Collected data:
..............................
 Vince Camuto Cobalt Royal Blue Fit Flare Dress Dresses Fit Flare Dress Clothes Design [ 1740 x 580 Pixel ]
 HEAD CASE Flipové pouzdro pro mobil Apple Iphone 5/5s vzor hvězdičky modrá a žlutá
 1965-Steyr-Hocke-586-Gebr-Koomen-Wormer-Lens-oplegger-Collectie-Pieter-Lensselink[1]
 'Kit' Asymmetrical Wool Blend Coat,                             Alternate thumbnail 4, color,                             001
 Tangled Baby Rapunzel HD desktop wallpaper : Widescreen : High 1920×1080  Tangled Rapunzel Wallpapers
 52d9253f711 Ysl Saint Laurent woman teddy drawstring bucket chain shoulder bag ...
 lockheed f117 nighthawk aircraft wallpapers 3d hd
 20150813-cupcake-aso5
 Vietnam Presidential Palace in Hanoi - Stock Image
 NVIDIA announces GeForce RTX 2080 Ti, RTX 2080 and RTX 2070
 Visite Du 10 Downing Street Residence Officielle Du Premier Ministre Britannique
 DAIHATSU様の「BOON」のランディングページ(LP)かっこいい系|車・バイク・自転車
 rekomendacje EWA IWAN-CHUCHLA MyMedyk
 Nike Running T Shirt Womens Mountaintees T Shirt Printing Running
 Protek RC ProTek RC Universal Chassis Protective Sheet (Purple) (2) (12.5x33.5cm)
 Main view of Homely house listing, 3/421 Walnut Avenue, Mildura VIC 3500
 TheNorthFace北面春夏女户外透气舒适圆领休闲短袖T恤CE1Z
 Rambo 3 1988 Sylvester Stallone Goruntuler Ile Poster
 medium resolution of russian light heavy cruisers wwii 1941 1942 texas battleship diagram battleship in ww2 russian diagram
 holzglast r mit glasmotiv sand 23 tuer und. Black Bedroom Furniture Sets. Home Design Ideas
..............................
[TASK TO COMPLETE]
All of the data above must be retyped exactly.

[SOLUTION TO THIS PROBLEM]
 Vince Camuto Cobalt Royal Blue Fit Flare Dress Dresses Fit Flare Dress Clothes Design [ 1740 x 580 Pixel ]
 HEAD CASE Flipové pouzdro pro mobil Apple Iphone 5/5s vzor hvězdičky modrá a žlutá
 1965-Steyr-Hocke-586-Gebr-Koomen-Wormer-Lens-oplegger-Collectie-Pieter-Lensselink[1]
 'Kit' Asymmetrical Wool Blend Coat,                             Alternate thumbnail 4, color,                             001
 Tangled Baby Rapunzel HD desktop wallpaper : Widescreen : High 1920×1080  Tangled Rapunzel Wallpapers
 52d9253f711 Ysl Saint Laurent woman teddy drawstring bucket chain shoulder bag ...
 lockheed f117 nighthawk aircraft wallpapers 3d hd
 20150813-cupcake-aso5
 Vietnam Presidential Palace in Hanoi - Stock Image
 NVIDIA announces GeForce RTX 2080 Ti, RTX 2080 and RTX 2070
 Visite Du 10 Downing Street Residence Officielle Du Premier Ministre Britannique
 DAIHATSU様の「BOON」のランディングページ(LP)かっこいい系|車・バイク・自転車
 rekomendacje EWA IWAN-CHUCHLA MyMedyk
 Nike Running T Shirt Womens Mountaintees T Shirt Printing Running
 Protek RC ProTek RC Universal Chassis Protective Sheet (Purple) (2) (12.5x33.5cm)
 Main view of Homely house listing, 3/421 Walnut Avenue, Mildura VIC 3500
 TheNorthFace北面春夏女户外透气舒适圆领休闲短袖T恤CE1Z
 Rambo 3 1988 Sylvester Stallone Goruntuler Ile Poster
 medium resolution of russian light heavy cruisers wwii 1941 1942 texas battleship diagram battleship in ww2 russian diagram
 holzglast r mit glasmotiv sand 23 tuer und. Black Bedroom Furniture Sets. Home Design Ideas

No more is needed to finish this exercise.